What do you think enterprise storage is going to look like in five years as AI increases in use?
Rosemarin: I like to think of storage a little bit like the tyres on your car.
Right now, everybody’s very focused on the chassis of their car. They’re very focused on the GPUs and the performance, and how fast they can go and what they can deliver.
But the reality is, the real value in all of this is the data that you’re mining; the quality of that data, the use of that data in these training models to actually give you an advantage – be it personalisation and marketing, be it high-frequency trading if you’re a bank or know your customer, be it patient care within a healthcare facility.
When we look to the future of storage, I think storage will be recognised and acknowledged for being absolutely critical in driving the end value of these AI projects.
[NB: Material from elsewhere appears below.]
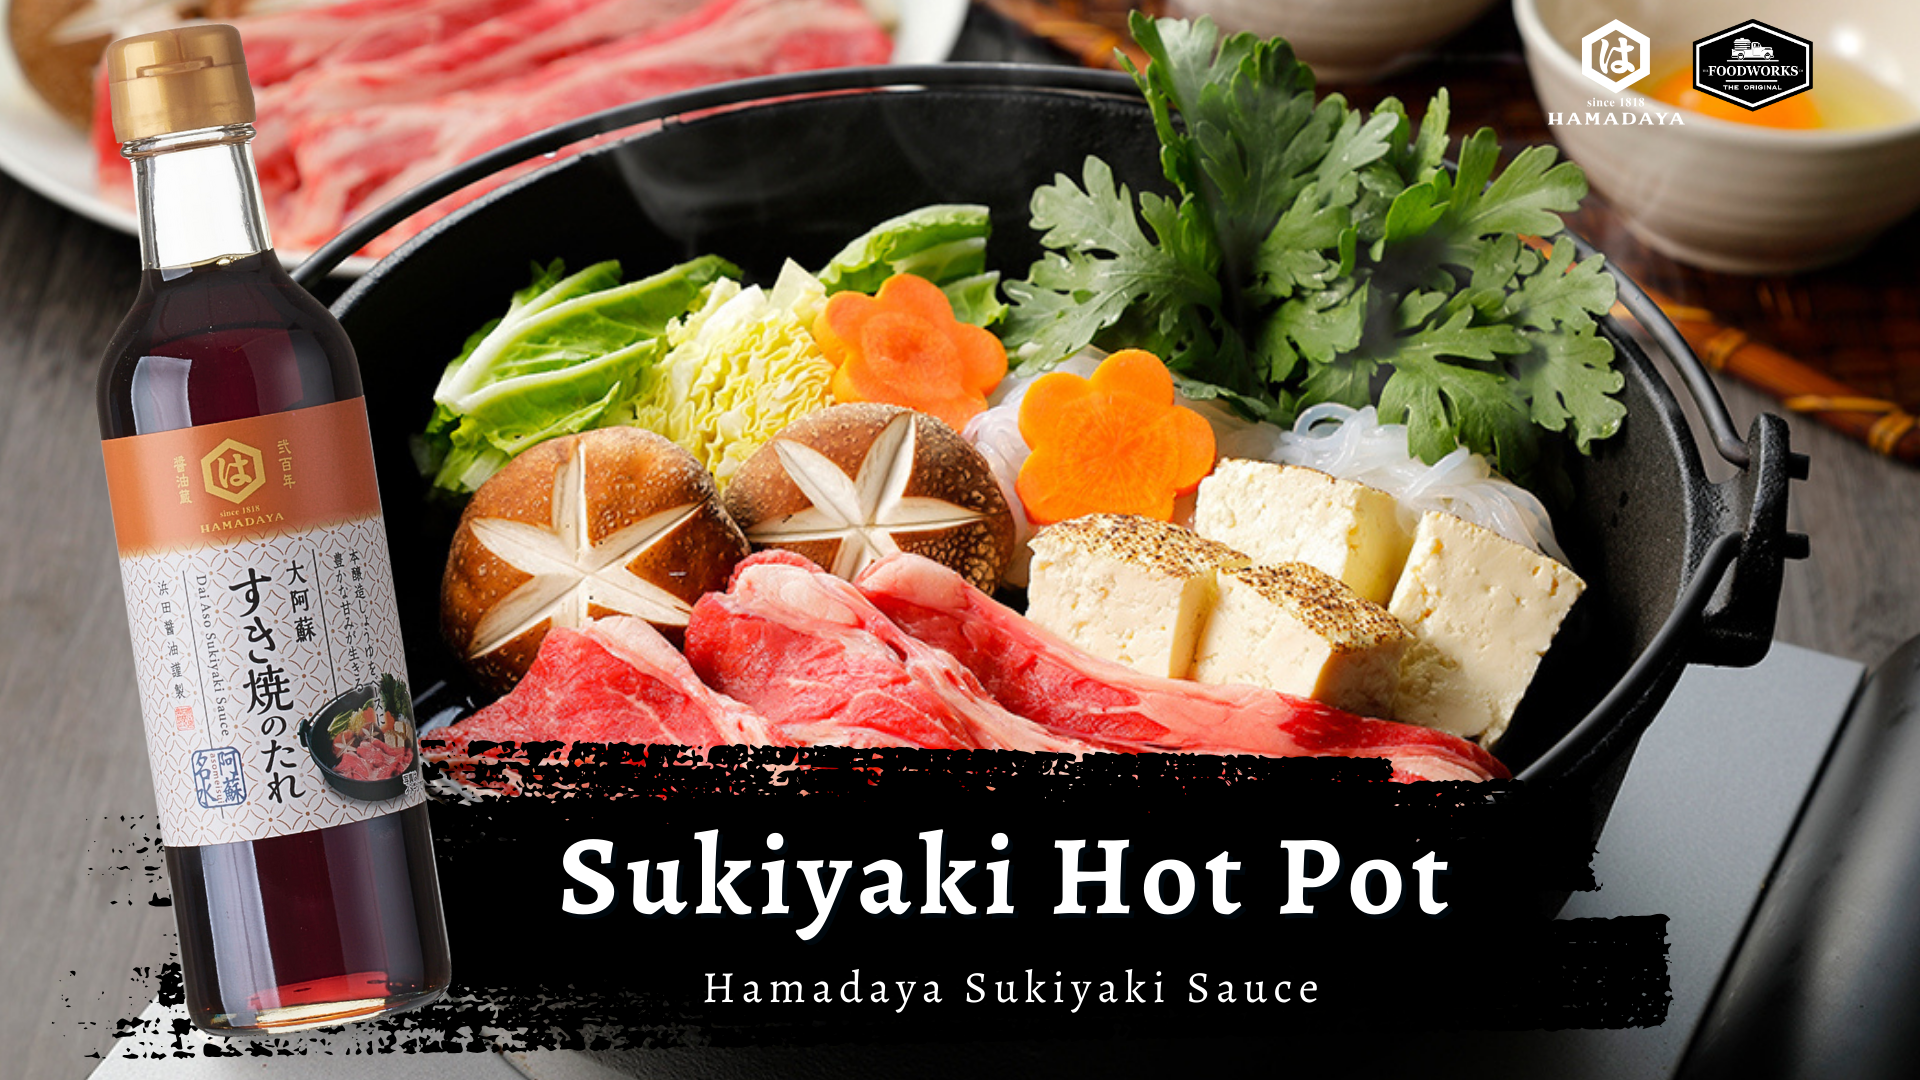 วิธีทำสุกี้ยากี้หม้อไฟ (Sukiyaki Hot Pot)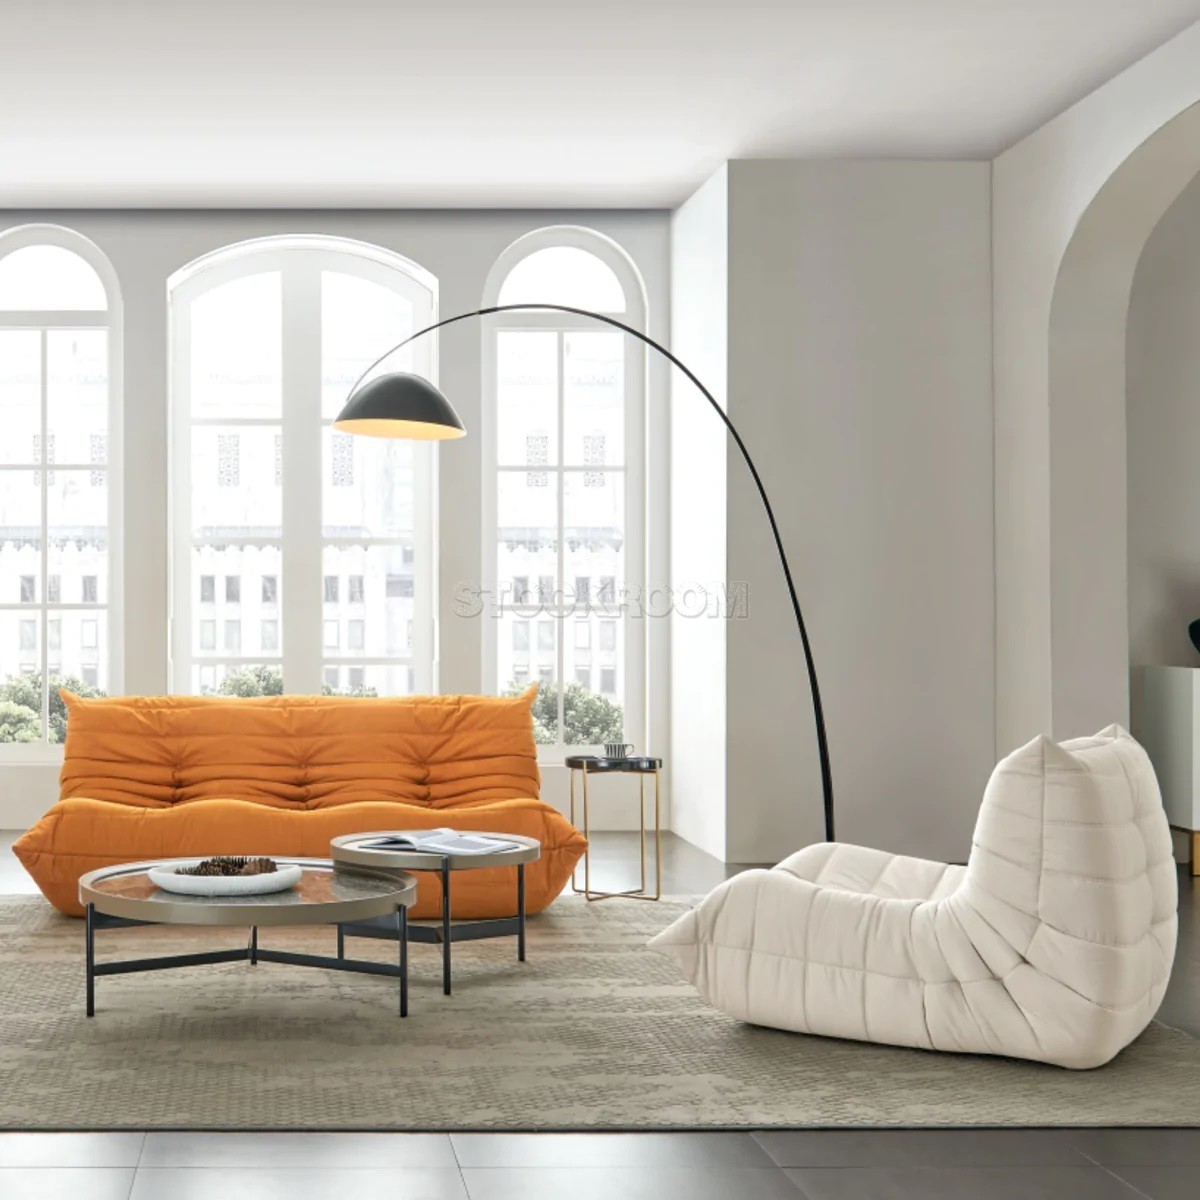 Lennox Caterpillar Style Velvet 2 Seater Sofa

I think clearly what we’re seeing is denser and denser storage arrays. Here at Pure, we’ve already committed to marketing that. We’ll have 300TB drives by 2026. I think we’re seeing the commodity solid state drive industry significantly behind that. I think they’re aiming for about 100TB under the same time frame, but I think we’ll continue to see denser and denser drives.
I think we’ll also see, in tandem with that density, lower and lower energy consumption. There’s no doubt that energy and access to energy is the silent killer in the build-out of AI, so getting to a point where we can consume less energy to drive more computing will be crucial.
Lastly, I would get to this point of autonomous storage. Putting less and less energy – human energy, human manpower – into the day-to-day operations, the upgrades, the expansions, the tuning of storage is really what enterprises are asking for, to ultimately allow them to focus their human energy on building out the systems of tomorrow.
So, when you think about it, really: density, energy efficiency and simplicity.
Then, I think you’ll continue to see the cost per gigabyte cost per TB fall in the marketplace, allowing for more and more of the consumerisation of storage and allowing organisations to actually light up more and more of their data for the same amount of investment.